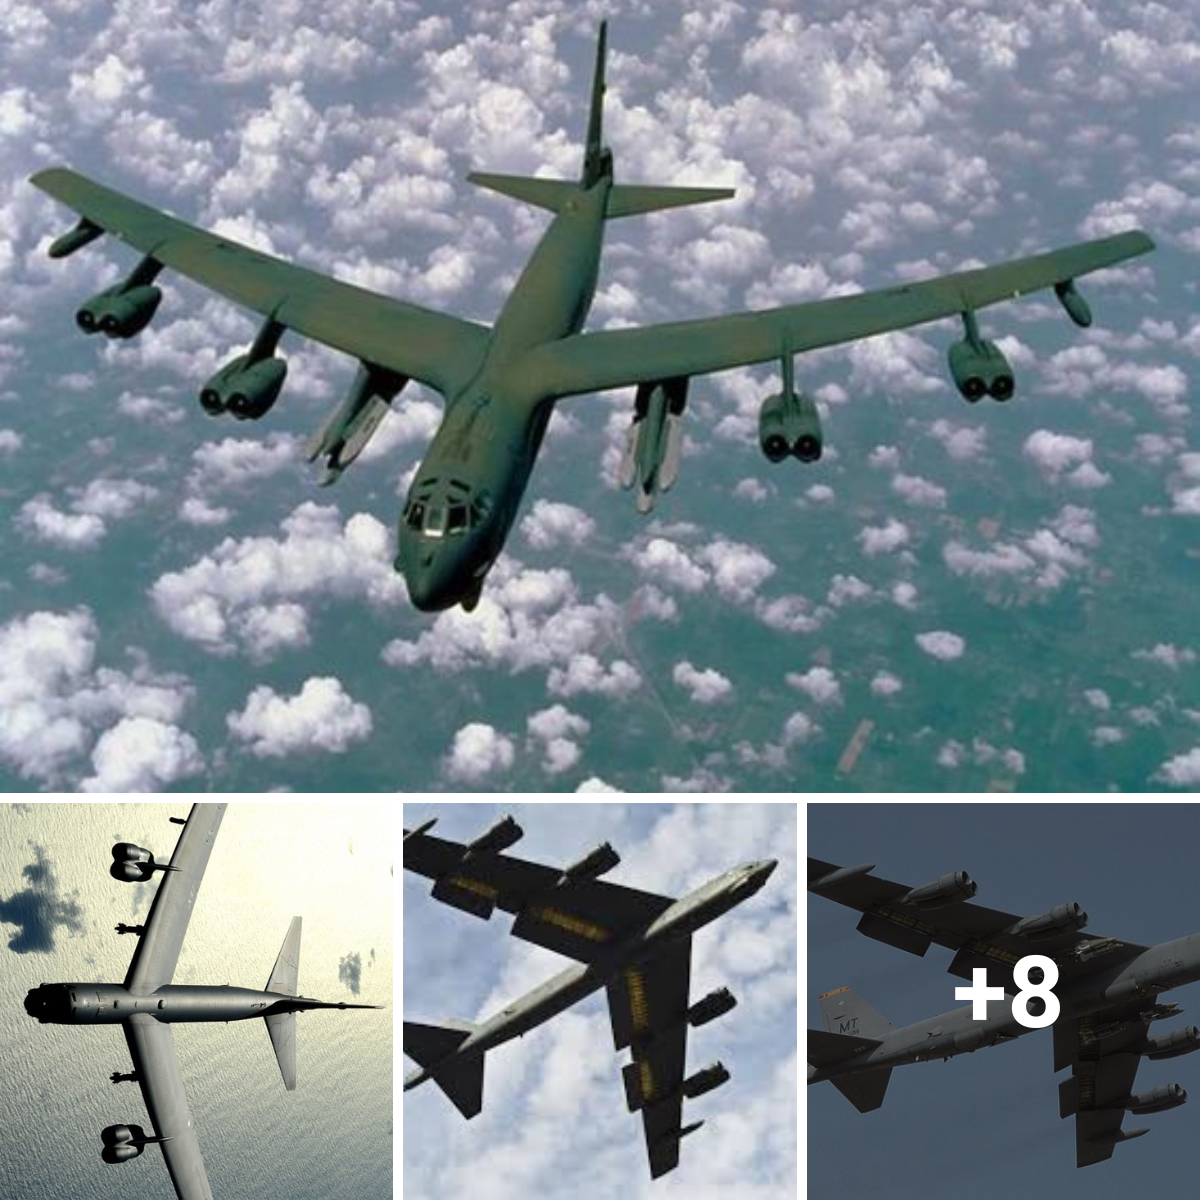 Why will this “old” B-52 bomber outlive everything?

-.-.-

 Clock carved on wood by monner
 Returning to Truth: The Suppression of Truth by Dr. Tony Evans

-.-.-

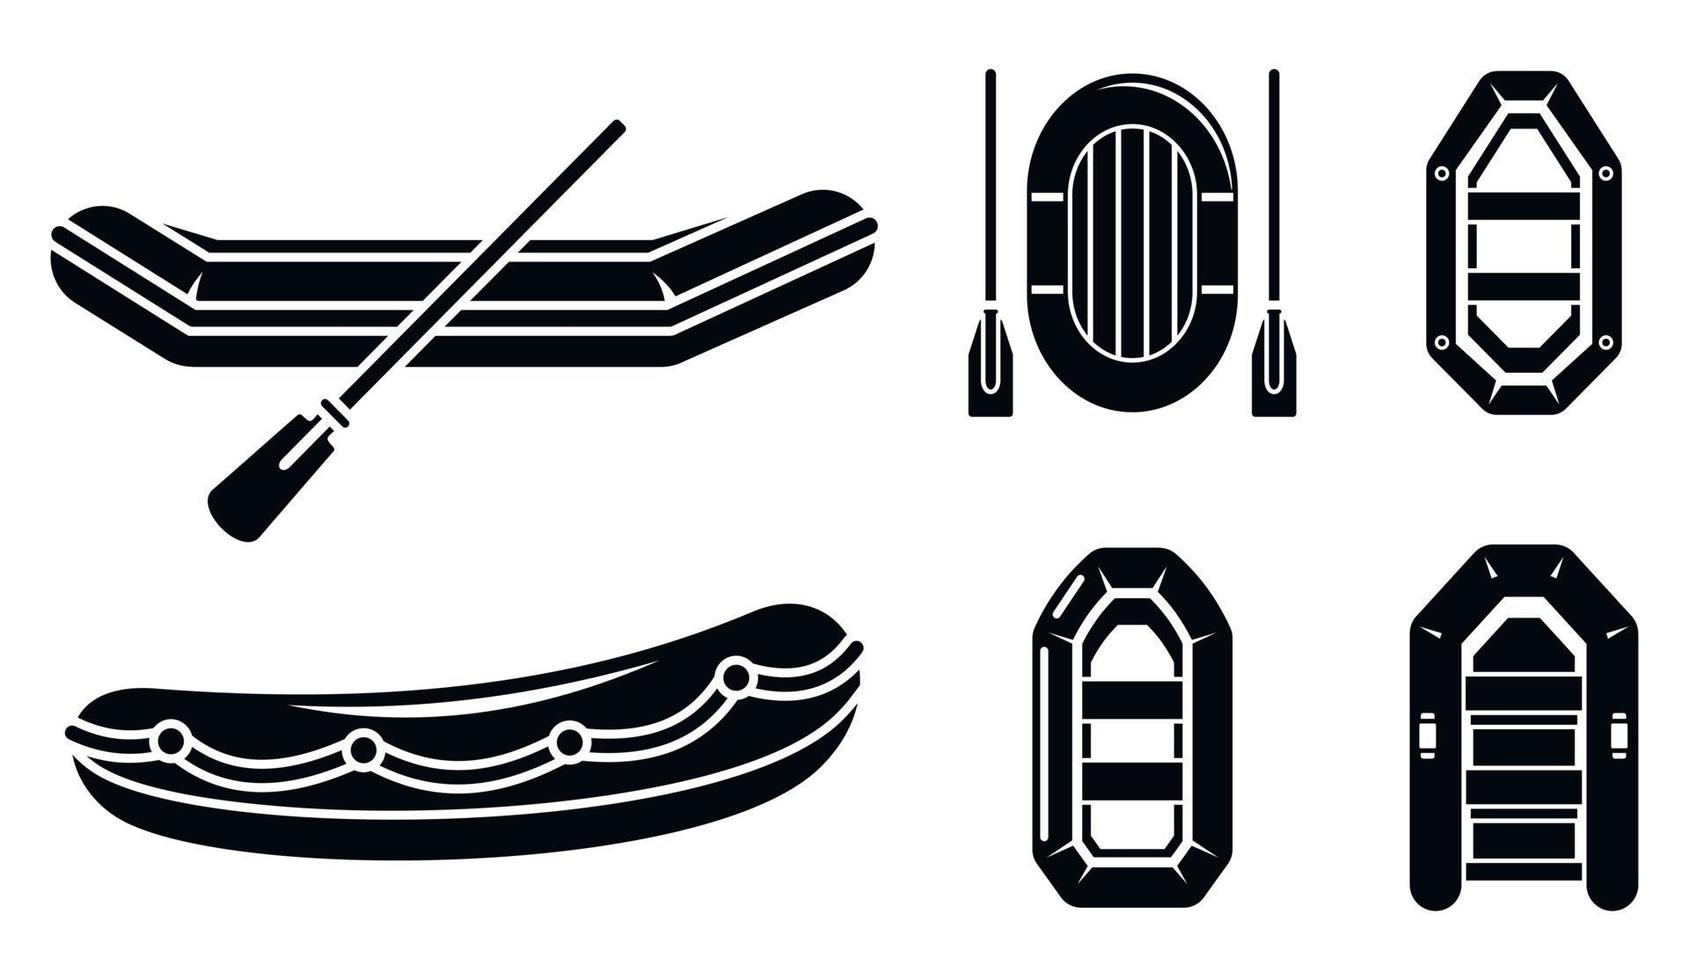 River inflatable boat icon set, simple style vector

-.-.-

→ **WHAT TO DO**:
Looking at the entries above, can you reproduce exactly the lines from the one that holds "Clock carved on wood by monner" through the one that holds "Returning to Truth: The", and only those?

→ **ANSWER SECTION**:
 Clock carved on wood by monner
 Returning to Truth: The Suppression of Truth by Dr. Tony Evans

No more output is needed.